Dashing Dashes

This will be the last re-post as my Vacation time winds down.  I picked this one at random, for no reason whatsoever.

Dashing Dashes

I recently mentioned the use of ellipses. Used in dialogue sometimes they are erroneously used in place of what should actually be a dash.

What’s the difference? Good question.

Ellipses… are three consecutive dots that generally indicate words, sentences or entire sections are being left out.

Dashes – indicate dialogue, speech or something is being interrupted or cut off. A dash is the punctuation. No periods, question marks or exclamation points are used.

Example time:

The tone is set by punctuation.

Dale crossed his arms and scowled. “I don’t think…”

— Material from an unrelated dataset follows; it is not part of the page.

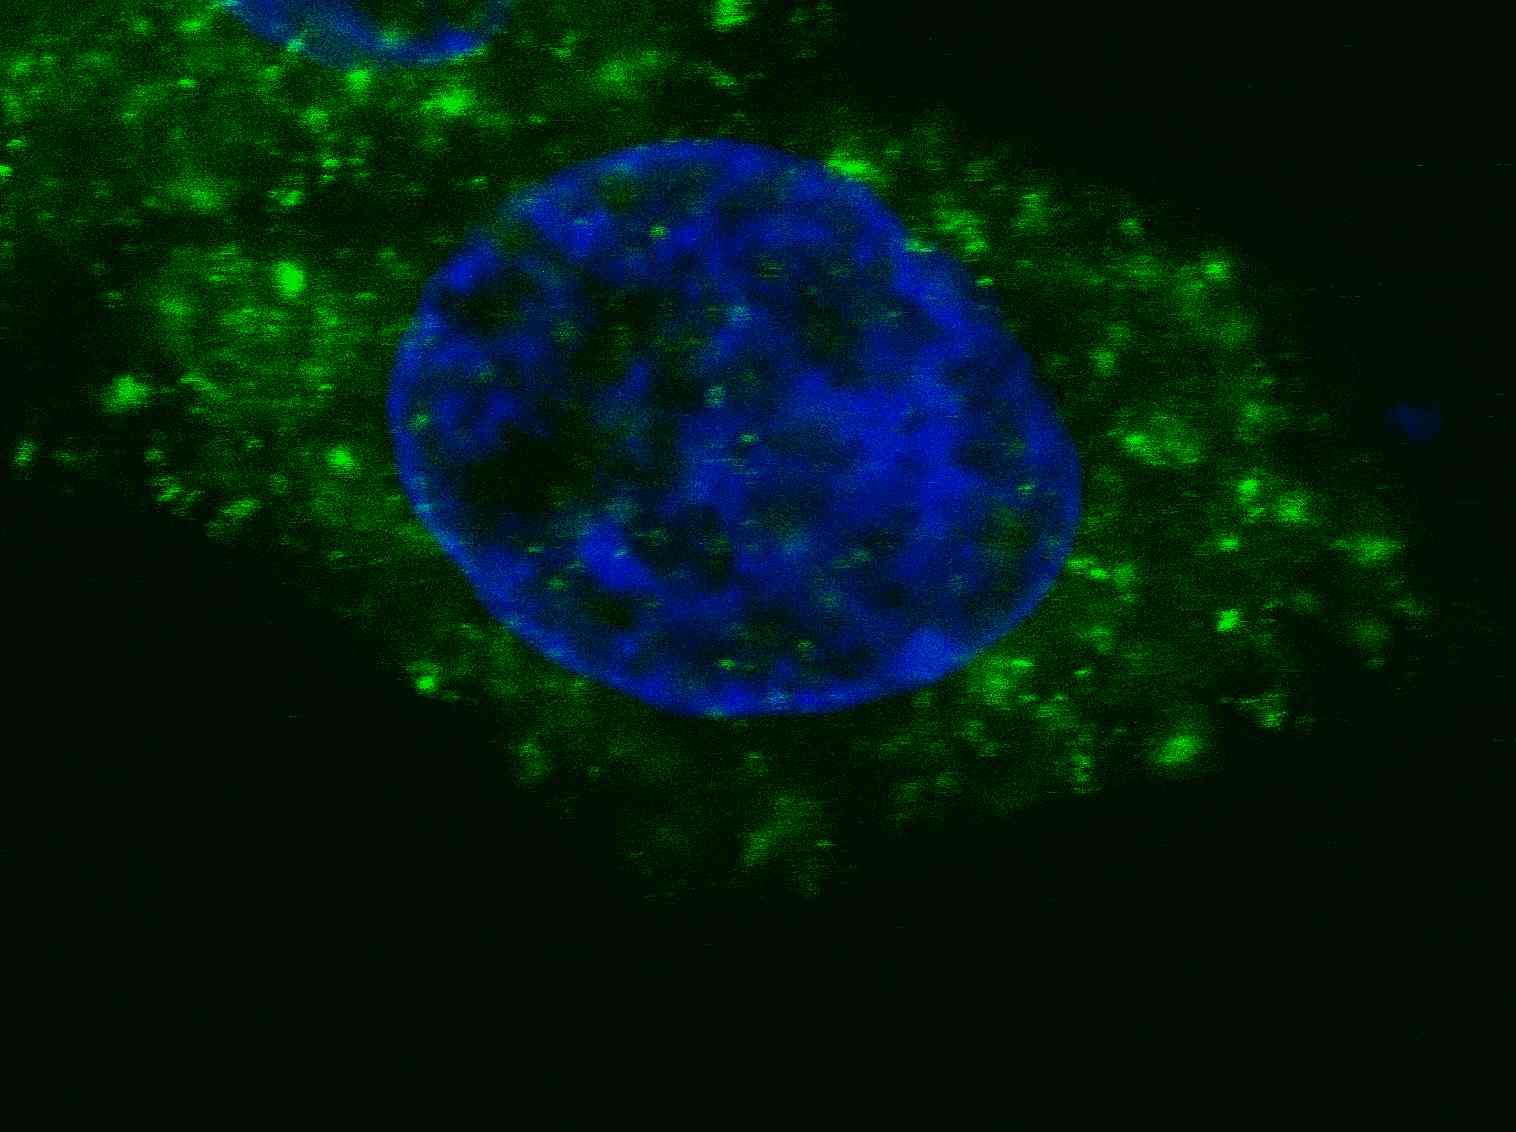 Fluorescent confocal image of HepG2 cells stained with MET/HGFR antibody. HepG2 cells were fixed with 4% PFA (20 min), permeabilized with Triton X-100 (0.2%, 30 min). Cells were then incubated with AM1003a MET/HGFR primary antibody (1:200, 2 h at room temperature). For secondary antibody, Alexa Fluor® 488 conjugated donkey anti-mouse antibody (green) was used (1:1000, 1h). Nuclei were counterstained with Hoechst 33342 (blue) (10 μg/ml, 5 min). Note the highly specific localization of the MET immunosignal to the cytoplasm, supported by Human Protein Atlas Data (http://www.proteinatlas.org/ENSG00000105976).

“No, you don’t think Dale. That’s the entire problem.” Scott waved his hand dismissively at Dale. 

In that example, Dale comes across unsure or hesitant. That is not the tone I want to portray. Let me try again with a dash.

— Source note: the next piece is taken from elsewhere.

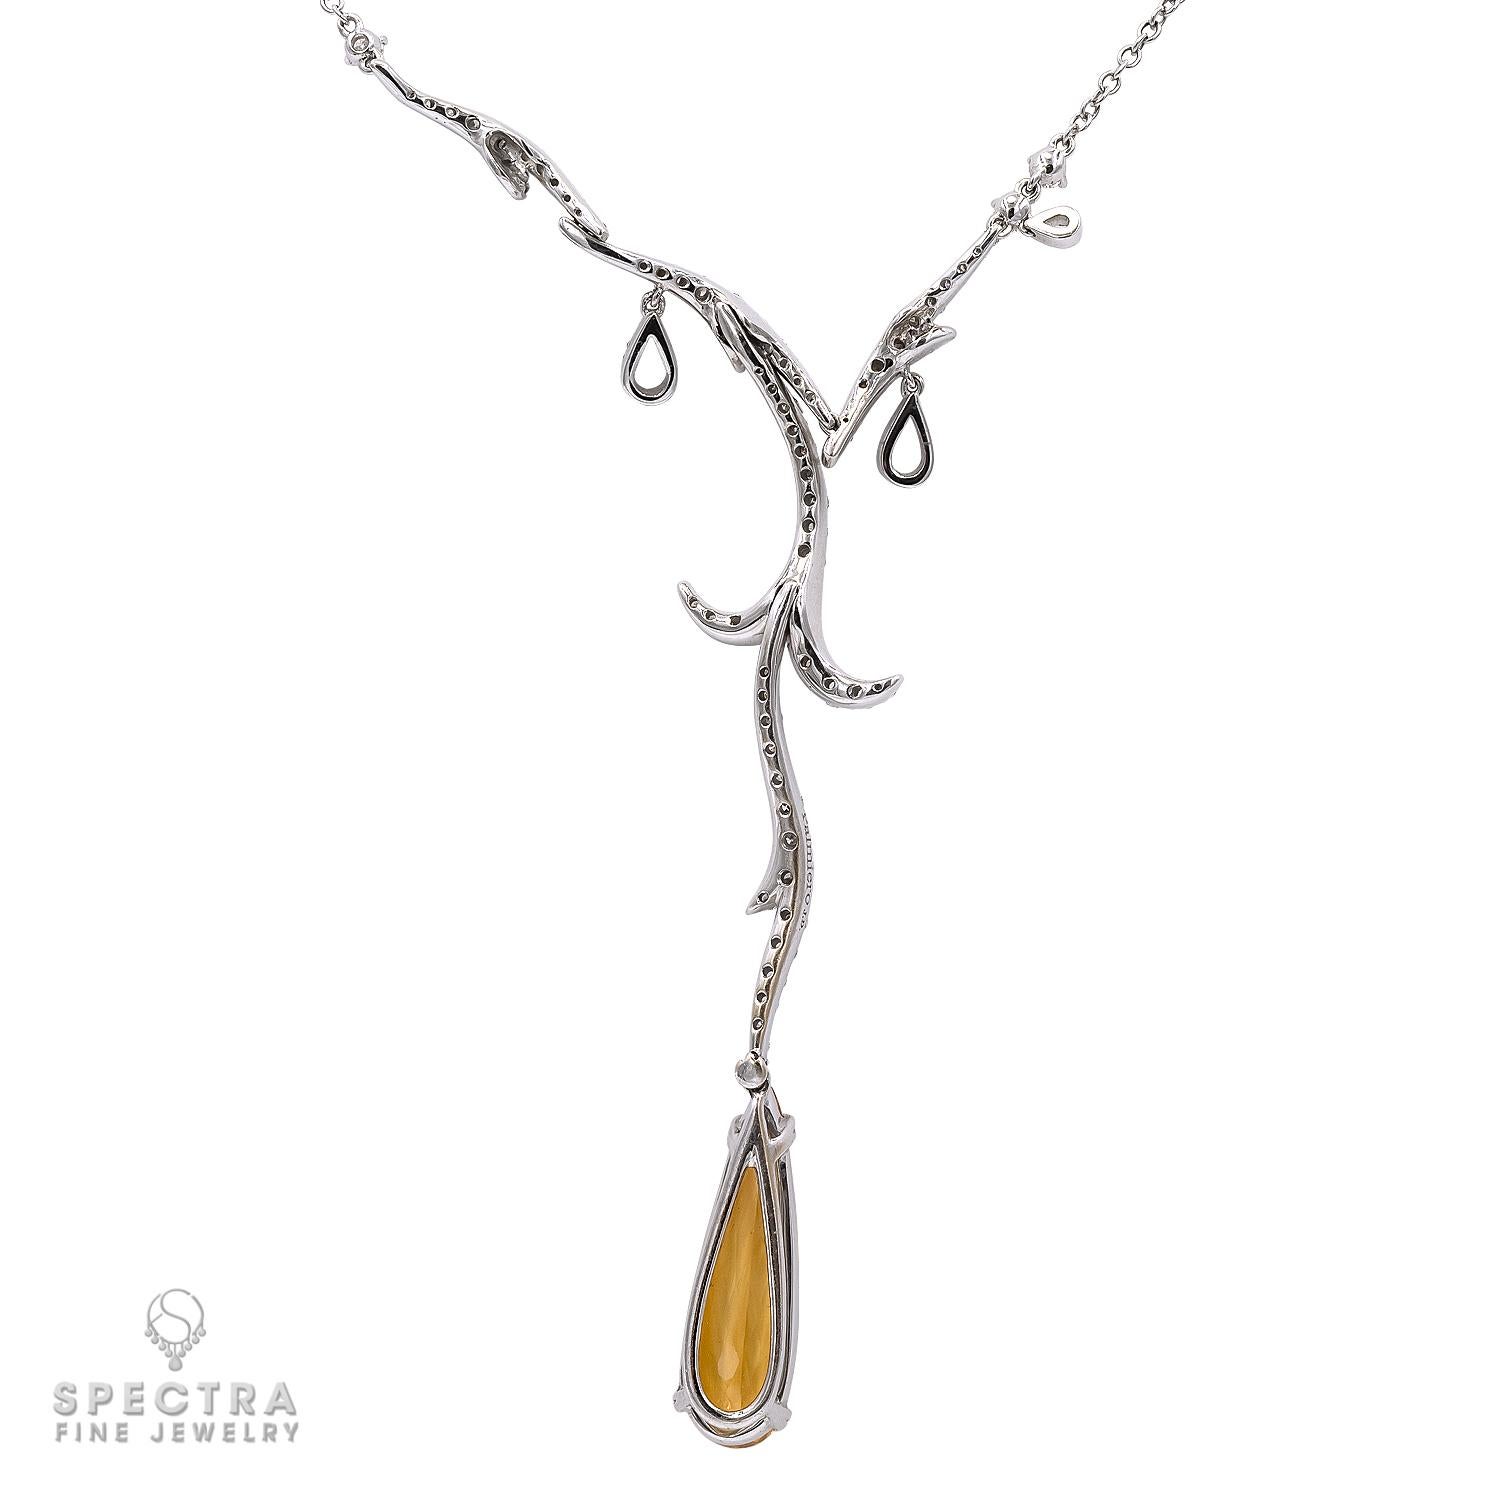 The unique look of drizzled diamonds glitters delicately in this artful Palmiero Diamond Yellow Topaz Lavalier Necklace, made in Italy in the 21st century. The jewel is magnificently crafted in 18K white gold and embellished with diamonds

Dale crossed his arms and scowled. “I don’t think-”

“No, you don’t think Dale. That’s the entire problem.” Scott waved his hand dismissively at Dale. 

I wanted Scott to cut Dale off rudely. Scott is slipping and I want his rude factor to go up. With Ellipses, Scott was just mean-ish. With a dash, he was both rude and mean.

In some circumstances, I’ll make the cut off more obvious.

Amber handed Rachael the Envelope. “I need you to go down to-”
Rachael flicked her hand cutting Amber off. “I know where to take the Quill Company proofs.” She snatched the paper from Amber’s hand.

I just love making mean people mean. In Rachael’s case, she has just cause to dislike Amber and be short with her. Both Amber and Rachael’s lifestyles, attitudes and personalities conflict. Not all cut off’s are a personality flaw, in this moment Rachael is annoyed with Amber, she’s not usually rude in this manner.

Some programs such as *Word or *Microsoft Office don’t allow dashes in dialogue. When this happens I leave the punctuation out, cap it off with the quotation mark and manually go back to add the dash.

“I think we should-“  “ mark is curled the wrong way!  Ugh. Word automatically does this and it drives me bonkers. I go back and fix it manually.
“I think we should”   “I think we should-”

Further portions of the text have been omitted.